Between them the future that is predicted is to be pretty much the same as the present. A bit worse here (the Growth Commission’s return to austerity), the hint that just mibby it might get slightly better there (the Social Justice Commission’s list of very modest reforms which it thinks might be worth considering at some point).
These are all pretty dismal reasons to get out of your bed in the morning. Is this really the best our civilisation can do? The best our society can do? The best our politics can do?
Here at Common Weal we’d like to think not. We’d like to think that, with a bit of ingenuity and wit, a dash of courage and a lot of solid work, it is perfectly possible to imagine a future that is, well, exciting. Something that would motivate you to go out and fight for it (metaphorically).
Surely that’s the point? One of my favourite fragments of poetry is from Robert Browning’s Andrea del Sarto. It goes “Ah, but a man’s reach should exceed his grasp, / Or what’s a heaven for?” If the sum total of our ambition is what we can already see out of the window, then there is something wrong with us.
If we didn’t reach beyond that which we can grab without trying, we would never build anything. An engineer who looks at a river too wide and too deep to cross can imagine a bridge. A doctor who sees an injured patient can imagine that person healed. A parent staring into their child’s eye can imagine all its possible futures, and begs the fates that it is the best of them.
So why is it that, so often, when a politician looks into our future they see only their own reflection? And why do the rest of us settle for it? We surely deserve something more than this sad state of affairs which, increasingly, feels like those with power are using it to reconcile us to our current existence.
I don’t just mean ‘tackle all the things that are going wrong’, like drug deaths or demand for food banks or young people who can’t get housing. I don’t just mean the big structural challenges, like the need to start taking climate change seriously or to trying and stabilise the impacts of a global economy which is increasingly misfiring.
I want to know why we’re not asking the even bigger questions – what society can we imagine in the future? How do you want to live? What do you hope for? What do you wish for others?
These questions used to be the preserve of philosophers and dreamers. We just passed the 500th anniversary of the publication of Thomas More’s Utopia, and in the centuries that followed every generation produced their own versions of Utopia, that ‘no where’ vision of what a truly great society would be like.
Not us, not our generation. The last real wave of Utopias petered out at the end of the psychedelic era in the late 1960s. Ours is a generation of dystopias. When our generation imagines the future it seem only to be able to see fear, desolation, oppression, horror.

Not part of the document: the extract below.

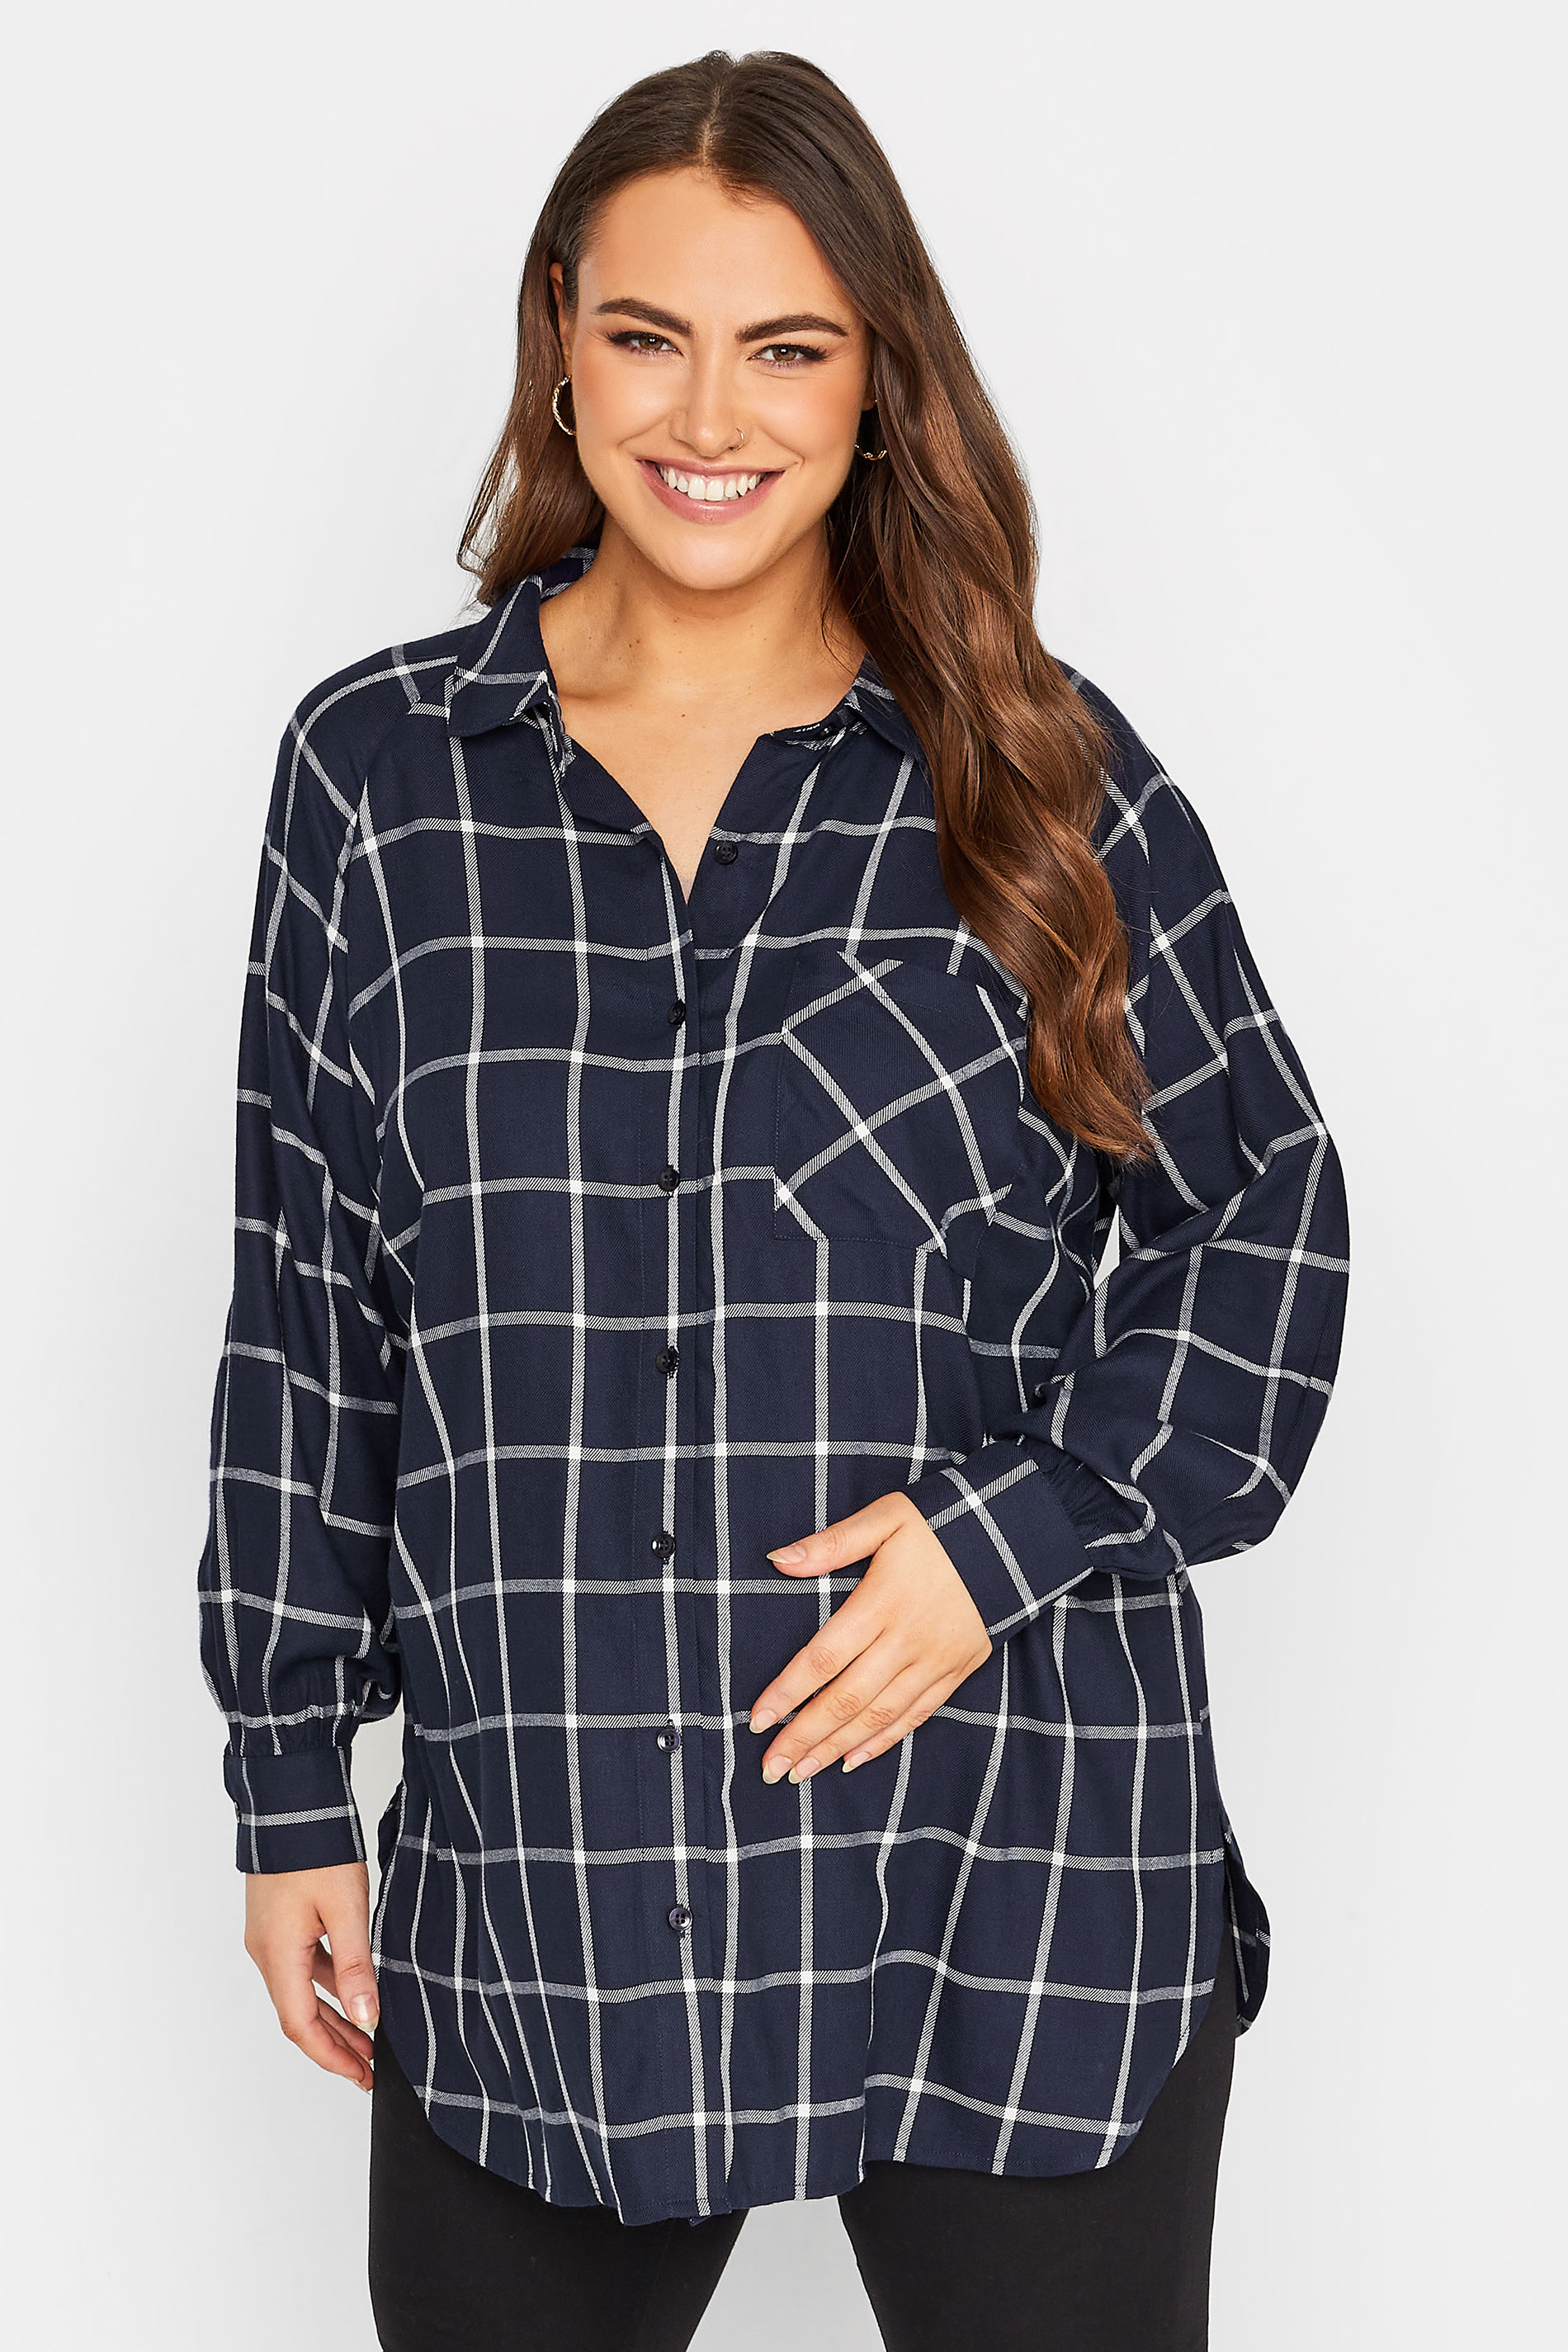 BUMP IT UP MATERNITY Plus Size Navy Blue Check Long Sleeve Shirt | Yours Clothing 1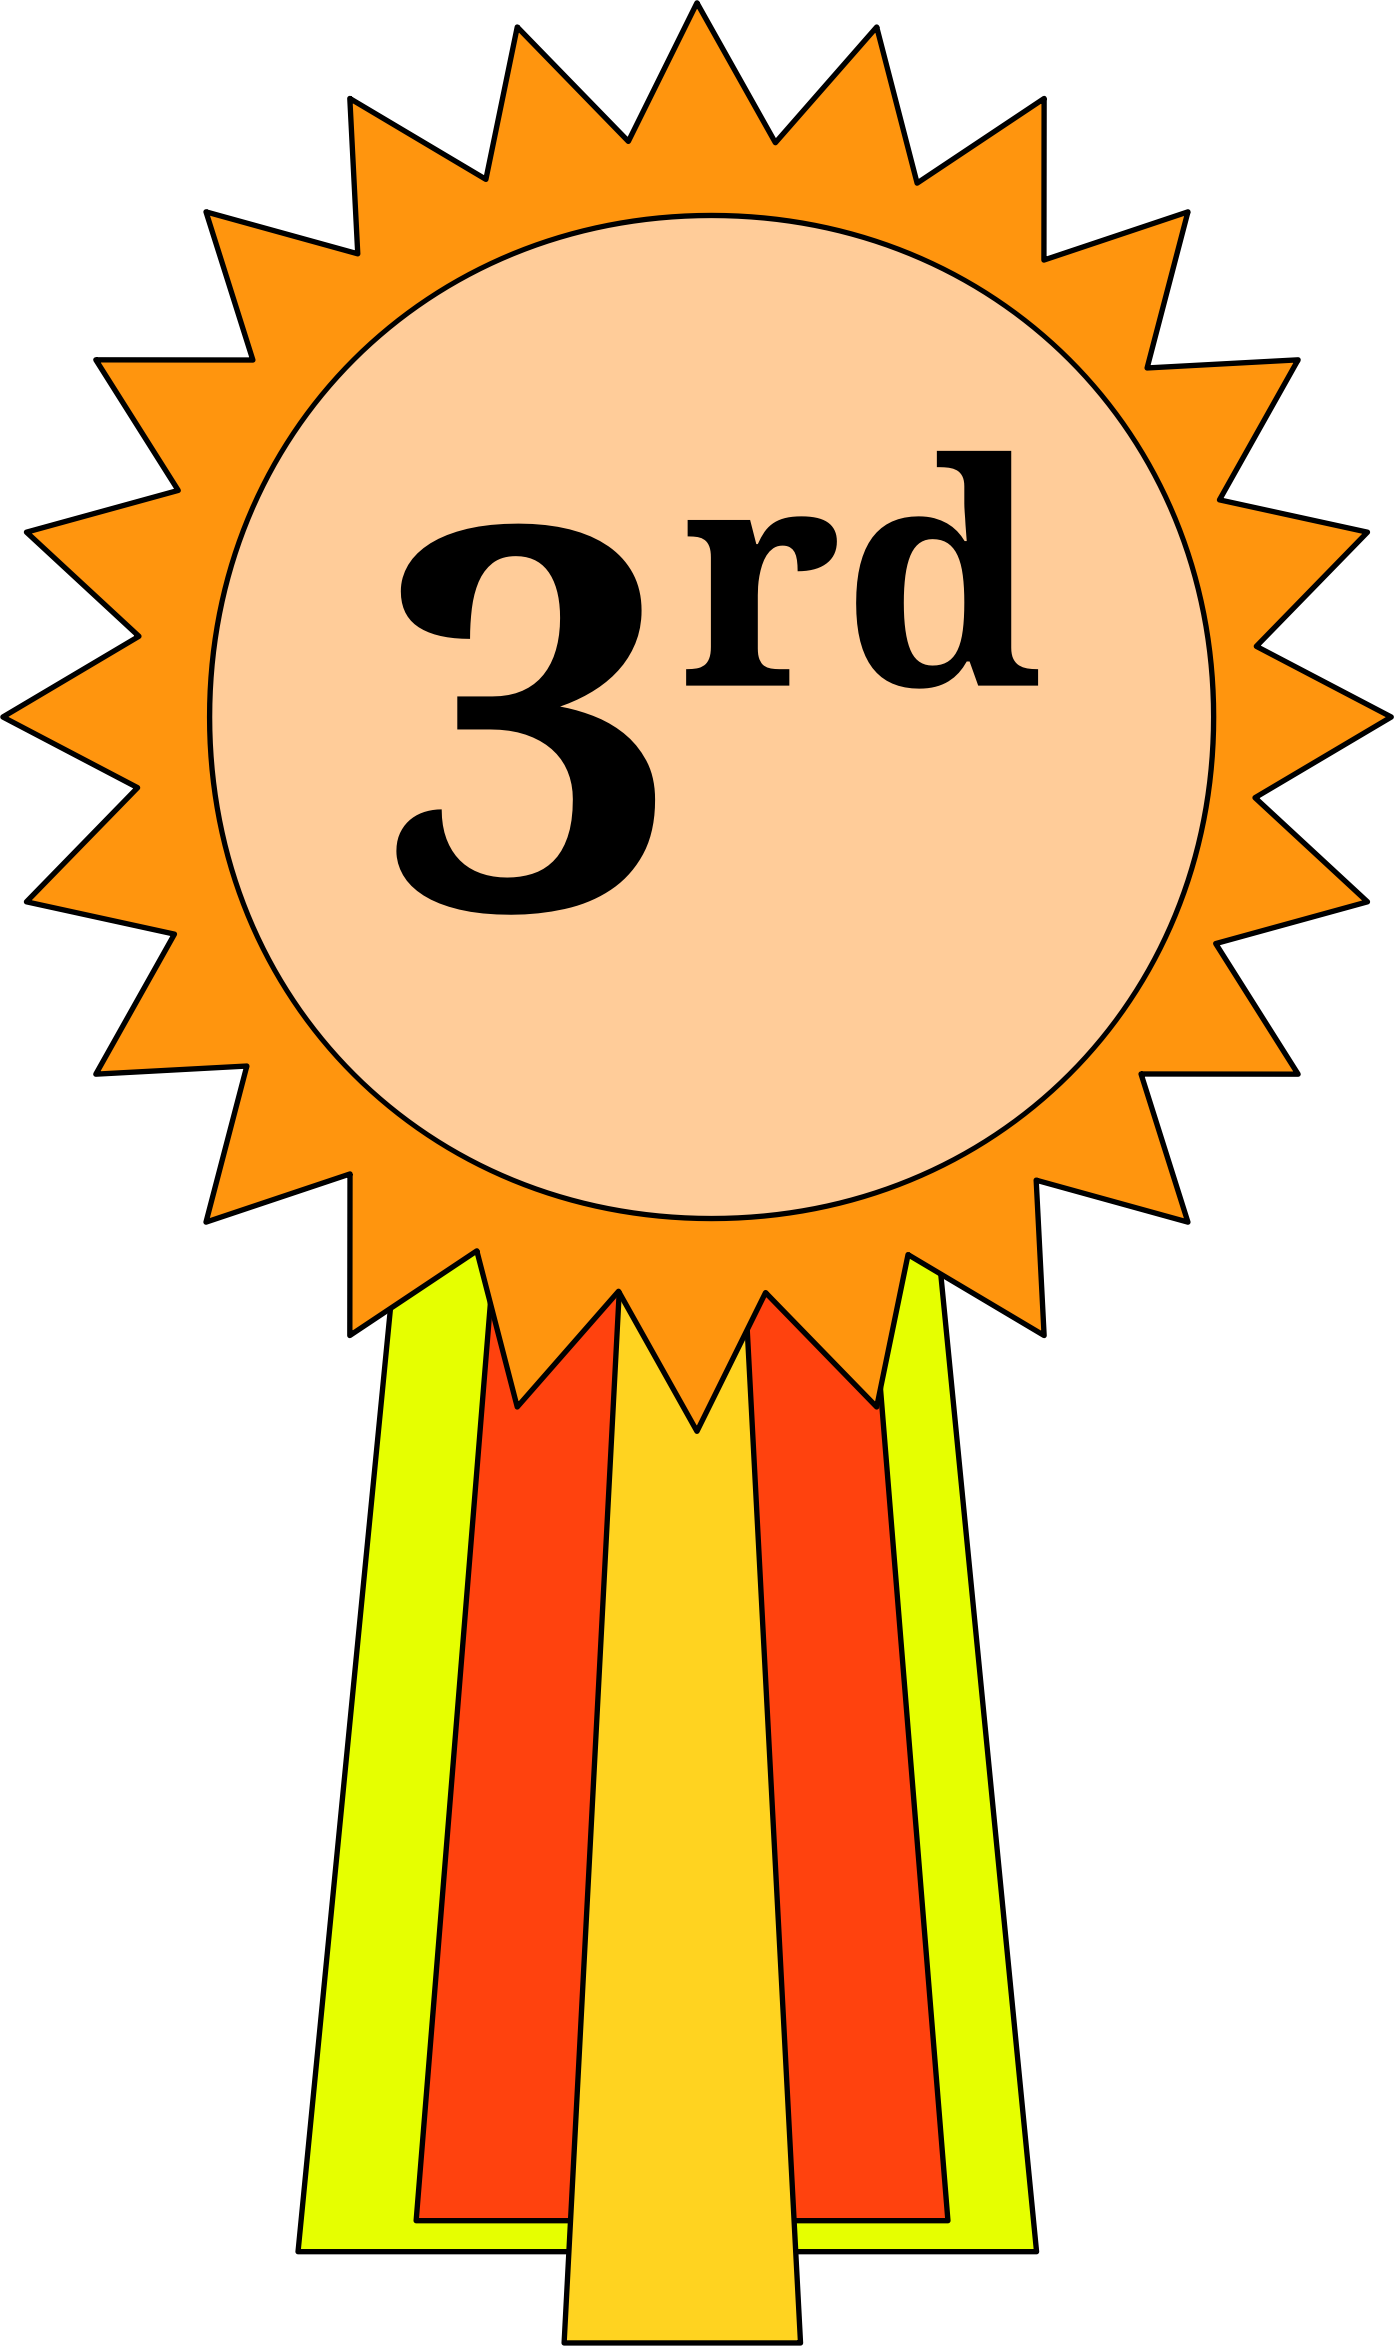 Rd place ribbon. 3 clipart 3rd

The ‘Utopians’ are now corporations. They sell a vision of how their corporate growth is actually the Utopia you’ve been waiting for. That they will fix the world’s ills through pursuit of their financial self-interest (but by inventing flying cars as a byproduct of that, or something). And almost without exception the politicians only see what the corporations tell them to see.
Well that’s not good enough. Making tweaks to the world as it is in 2022 isn’t good enough. Telling Scotland that independence is just a change of manager for the system we already have isn’t good enough. Even if you incline to caution yourself, surely you can see how unhealthy it is not even to have a discussion about something better, to not have an idea worth getting excited about.
Common Weal was created for this exact reason during the independence referendum. By early 2013 Scotland’s media was full of indy sympathiser asking why they were so uninspired by the campaign. In fact it was a Karine Polwart article in the Scotsman that really triggered the creation of Common Weal. She wrote:
“The Yes Scotland website reassures that ‘on Day 1, an independent Scotland will look pretty much as it does today’. Let me declare that this endlessly reiterated sameness scares me.”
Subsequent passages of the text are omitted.